It should be noted that I used data from Germany in the empirical analysis and that the impact of children on the parental division of labor and other family processes in Germany might differ from that in other countries. Family policies in Western Germany long favored the male-breadwinner model (see Leitner, Ostner, & Schmitt, 2008). Historically, Germany has provided low levels of public child care but long periods of parental leave for mothers (3 years since 1992). In addition, parents receive generous family allowances, and the joint taxation system imposes heavy tax burdens on working wives. All of these factors incentivize mothers to stay home. It was not until 1996 that universal provision of preschool care was introduced for children aged 3 years and older. Only recently has Germany begun to introduce family policies designed to facilitate a more egalitarian division of market and domestic work. Those include 14 months of paid parental leave (since 2007), encouraging also fathers to take parental leave, and legal entitlement to public day care for children older than 1 year (since 2013). Nevertheless, most parents in Western Germany still embrace the male breadwinner model: more than one third of all mothers living with minor children are homemakers or on parental leave, and another third work part-time (Konietzka & Kreyenfeld, 2010).
Fertility in Western Germany has been very low in recent decades; the total fertility rate has stalled at a level of 1.4% since the 1970s (see Goldstein & Kreyenfeld, 2011). Although the two-child family is the most common model in German family life, a substantial proportion of families have only one child. Among women born in the early 1950s, 17% remained childless, 25% gave birth to one child, 38% gave birth to two children, and 20% gave birth to three or more children (Goldstein & Kreyenfeld, 2011). This fertility pattern remained stable for successive birth cohorts.
I find that both mothers and fathers of boys—particularly those born in 1960 or earlier—spend significantly more time on paid work than mothers and fathers of girls. The effect of child gender on labor market hours is marked for mothers, but much smaller for fathers. With regard to hours spent on household work, my analysis showed that fathers and mothers of a same-sex child spend slightly more time on housework than those of an opposite-sex child. The net effect of child gender is that the birth of a boy reduces household specialization relative to the birth of a girl.
Background
Causal explanations for changes in women’s and men’s employment behavior after the transition to parenthood often invoke the household specialization model (Becker, 1981), which postulates that the time allocation between paid work and housework is based on the relative efficiency of husbands and wives in these two areas. According to this model, because couples strive to maximize household utility, the spouse with the higher earning potential will focus on paid work, while the spouse with the lower earning potential will take care of the children and household. This most often takes the form of wives increasing their time spent on housework while husbands concentrate more on paid work.

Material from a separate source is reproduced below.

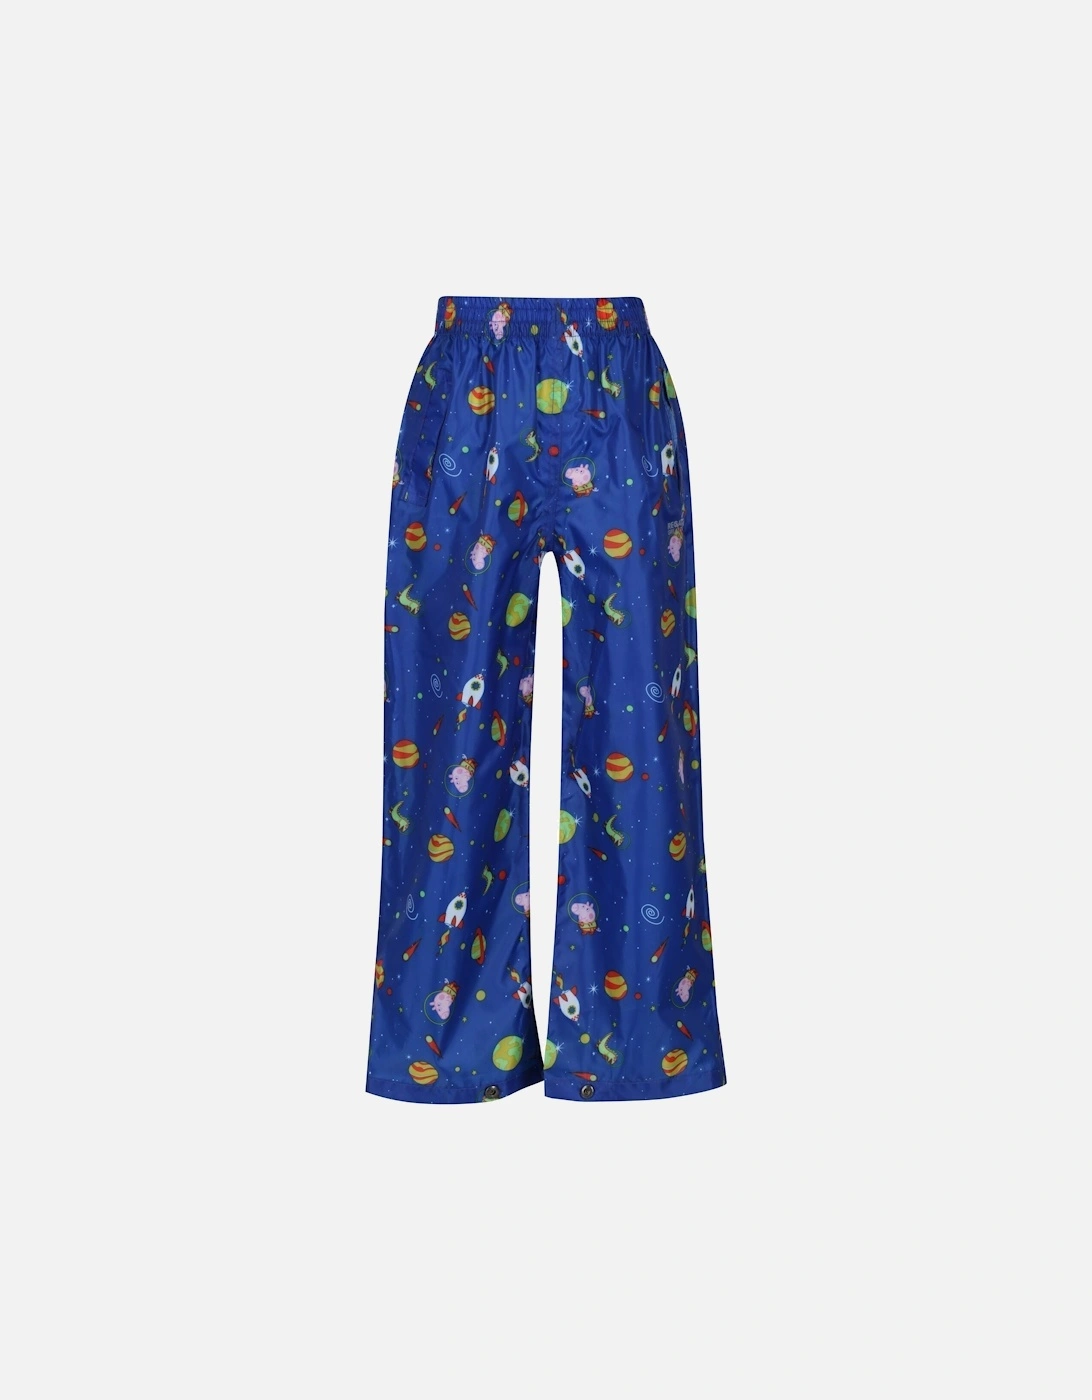 Childrens/Kids Cosmic Peppa Pig Waterproof Over Trousers
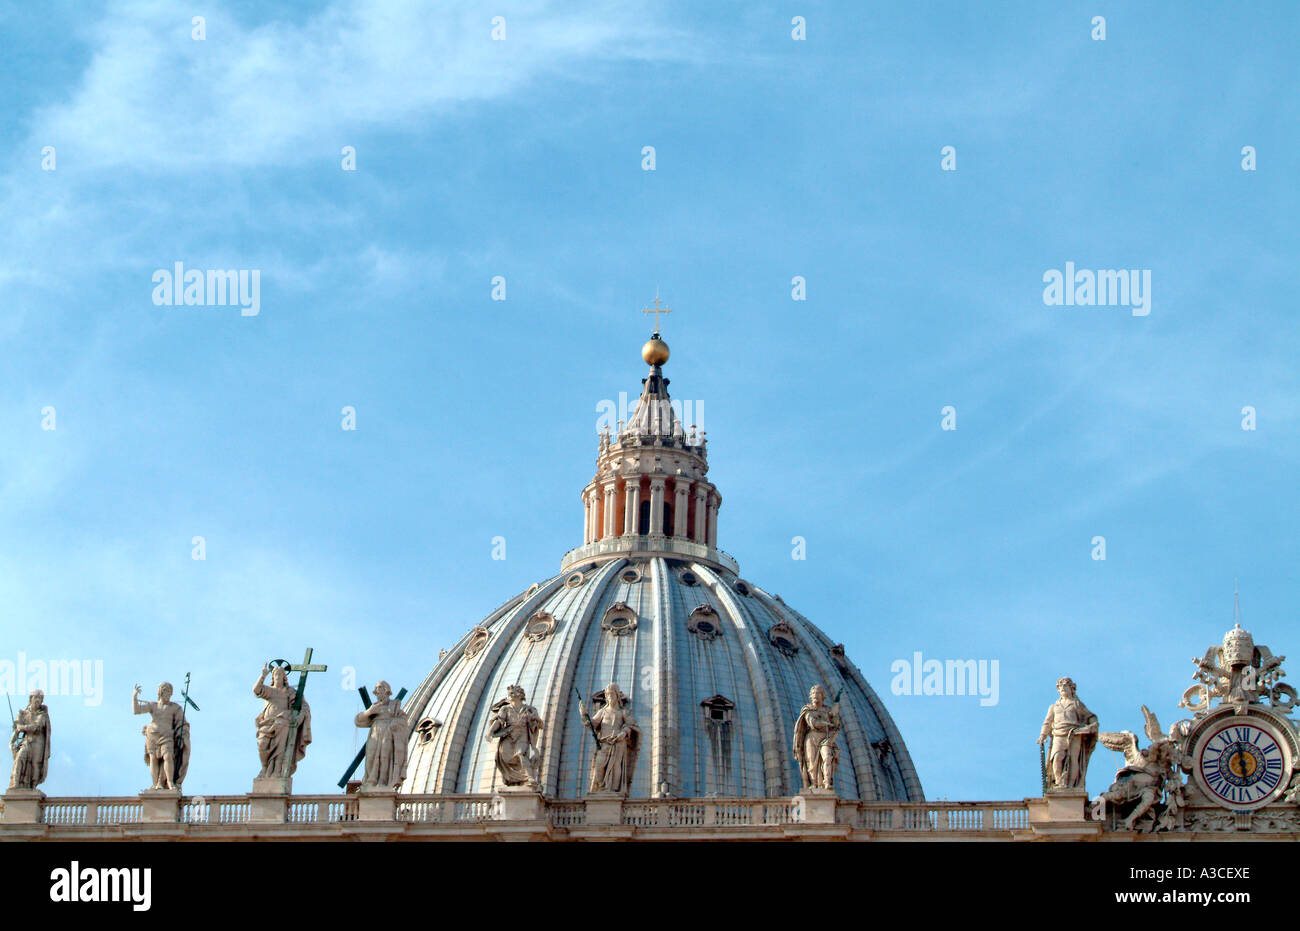 Spitze der Kuppel der St. Peters Basilika Vatikanstadt Rom Italien Stockfoto

An alternative explanation—the resource-bargaining perspective—conceives the household division of labor as an outcome of negotiation between partners, who use “whatever valued resources they can to strike the best deal” (Brines, 1993, p. 307). This approach is based on the assumption that for most people, housework is an undesirable task that they would prefer to avoid. The more bargaining power a partner in a relationship has, the lower his or her contributions to domestic labor. The bargaining power of the partners is a function of their resources, particularly their income, and their potential well-being outside the relationship (England & Kilbourne, 1990). A third explanation, the gender ideology perspective, emphasizes that the amount of time spent by women and men on paid work and housework is determined by the individual’s gender ideology. This perspective suggests that parents with less traditional ideologies will display a more egalitarian division of labor (see Davis & Greenstein, 2009).
Why should sons and daughters have different effects on the time their parents’ spend in paid and unpaid work? Studies by sociologists and psychologists have documented discrepancies between parents of boys and parents of girls with regard to their subjective well-being, behavior, and attitudes. These arguments and findings suggest that child gender also affects the parental division of paid work and housework and point toward two competing hypotheses. On one hand, having a son instead of a daughter may increase the tendency of couples to negotiate a traditional division of labor. Several studies have shown that, relative to parents of girls, parents of boys experience greater life and marital satisfaction (Kohler, Behrman, & Skytthe, 2005; Lawrence, Rothman, Cobb, & Bradbury, 2010). Higher subjective well-being among parents of boys may contribute to the finding that the presence of a son significantly reduces the probability of divorce and increases the duration of marriage a couple expects (Dahl & Moretti, 2008; Morgan & Pollard, 2002): As sons create more satisfaction than daughters, parents of sons are less likely to separate or divorce and more likely to stay together. A reduced probability of marital dissolution will increase parents’ incentive to make marriage-specific investments, such as increased specialization in housework by the mother and paid work by the father.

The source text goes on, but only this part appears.